The remaining optional arguments are discussed under Other mapping features, below.

Putting together everything discussed so far, a complete mapping that maps the Dublin Core Title and Creator elements to the adl:titles and adl:originators buckets, respectively, is:

from ADL_mapper import *
input()

import ADL_buckets

namespace("M", "http://example.org/myapp/")
namespace("D", "http://purl.org/dc/elements/1.1/")

map("adl:titles",
    "/M:metadata/D:title",
    ("[DC] Title",
     "http://purl.org/dc/elements/1.1/title"))

map("adl:originators",
    "/M:metadata/D:creator",
    ("[DC] Creator",
     "http://purl.org/dc/elements/1.1/creator"))

output()

Given the source metadata record:

<?xml version="1.0"?>
<metadata xmlns="http://example.org/myapp/"
    xmlns:dc="http://purl.org/dc/elements/1.1/">
  <dc:creator>Sarah Bellum</dc:creator>
  <dc:creator>Sandy Beach</dc:creator>
  <dc:title>Neurosurgery for Dummies</dc:title>
</metadata>

the above mapping will produce this ADL bucket view:

<?xml version='1.0'?>
<!DOCTYPE ADL-bucket-report SYSTEM "...">
<ADL-bucket-report>
  <identifier>collection:holding</identifier>
  <bucket name='adl:titles'>
    <textual-value>
      <field name='[DC] Title'
        uri='http://purl.org/dc/elements/1.1/title'/>
      <text>Neurosurgery for Dummies</text>
    </textual-value>
  </bucket>
  <bucket name='adl:originators'>
    <textual-value>
      <field name='[DC] Creator'
        uri='http://purl.org/dc/elements/1.1/creator'/>
      <text>Sarah Bellum</text>
    </textual-value>
    <textual-value>
      <field name='[DC] Creator'
        uri='http://purl.org/dc/elements/1.1/creator'/>
      <text>Sandy Beach</text>
    </textual-value>
  </bucket>
</ADL-bucket-report>

Bucket types

We glossed over an important detail in the previous section: bucket types and the requirements bucket types place on mappings.
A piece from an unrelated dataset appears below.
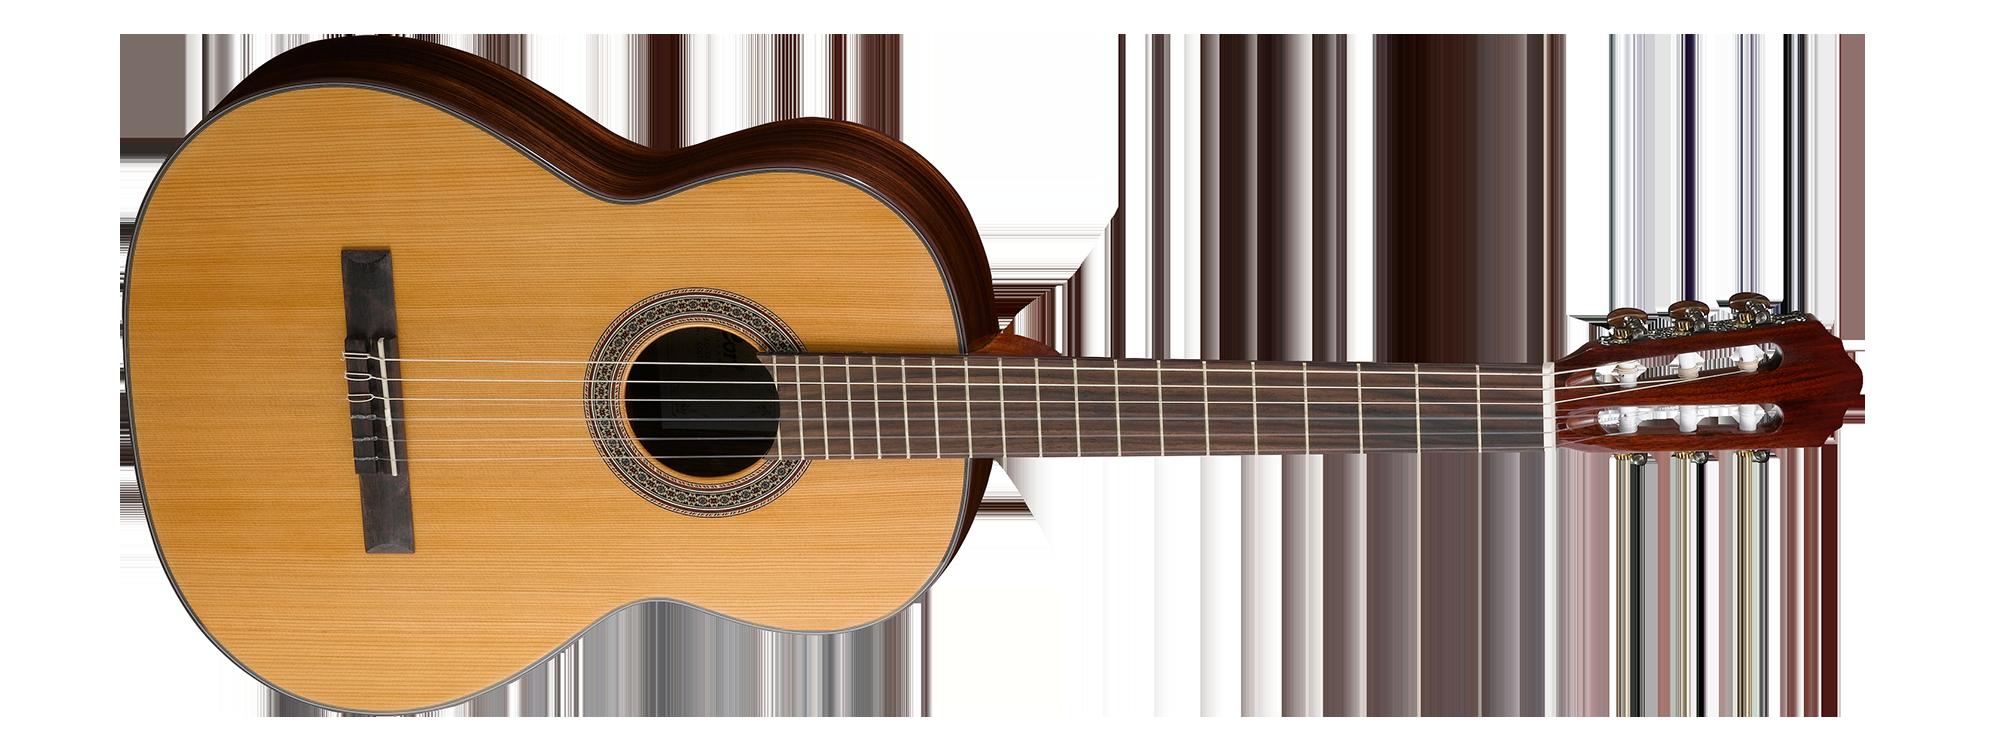 AC250 NAT

ADL_mapper validates all tuples, and only valid tuples are placed in the output. The bucket type determines what constitutes a valid tuple, and in particular, it determines how many components a tuple may have and the semantics of and any syntactic restrictions on tuple components. Some bucket types, such as the textual type, place little constraint on tuples, but other bucket types, such as the spatial and temporal types, require specific component syntaxes. Thus in creating a mapping, and especially in developing queries and writing filter and converter functions, a good understanding of the bucket type in question is paramount. For background information on bucket types, consult the ADL middleware specifications ADL-bucket-report.dtd and ADL-query.dtd.

The following are the validity requirements of the built-in ADL bucket types:

hierarchical
Accepts a 2-tuple of the form (vocabulary, term) describing a vocabulary term. vocabulary must be one of the vocabularies associated with the bucket and term must be one of the vocabulary's terms. Example tuple:
  ("ADL Object Formats", "Online")
identification
Accepts a 1-tuple of the form (identifier) or a 2-tuple of the form (identifier, namespace). Both identifier and namespace may be arbitrary strings; namespace may be None, in which case the 2-tuple is equivalent to a 1-tuple. Example tuple:
  ("0-201-63274-8", "ISBN")
numeric
Accepts a 1-tuple of the form (value) describing a numeric value in standard floating-point notation, or a 2-tuple of the form (value, unit) describing a numeric value with an associated unit of measure. unit may be None, in which case the 2-tuple is equivalent to a 1-tuple. Example tuple:
  ("3.2", "km")
relational
Accepts a 2-tuple of the form (relation, target) describing a relationship to another collection item. relation may be an arbitrary string. target should be a global ADL object identifier, but this is not validated. Example tuple:
  ("part of", "adl_catalog:314159")
spatial
Accepts a 2-tuple of the form (latitude, longitude) describing a point on the Earth's surface, or a 4-tuple of the form (north, south, east, west) describing a box bounded by the given coordinates. All coordinates must be expressed in signed decimal degrees in standard floating point notation. Latitudes must be expressed as degrees north of the equator; longitudes, as degrees east of the Greenwich meridian and in the range [-180, 180]. A box is considered to cross the ±180° meridian if its east coordinate is less than its west coordinate. The range of all longitudes is described by a west longitude of -180 and an east longitude of 180. Example tuple:
  ("35.7", "-120.5")
temporal
Accepts a 1-tuple of the form (date) describing a single Gregorian calendar date, or a 2-tuple of the form (begin, end) describing a range of calendar dates. Dates must be expressed in ISO 8601 YYYY-MM-DD notation; trailing components may be elided. Example tuple:
  ("1997-07-17", "2005-03")
textual
Accepts any 1-tuple of the form (text). Example tuple:
  ("some text")

Queries

To form tuples from the source metadata, the ADL mapping language provides a simple query language based on the XPath language.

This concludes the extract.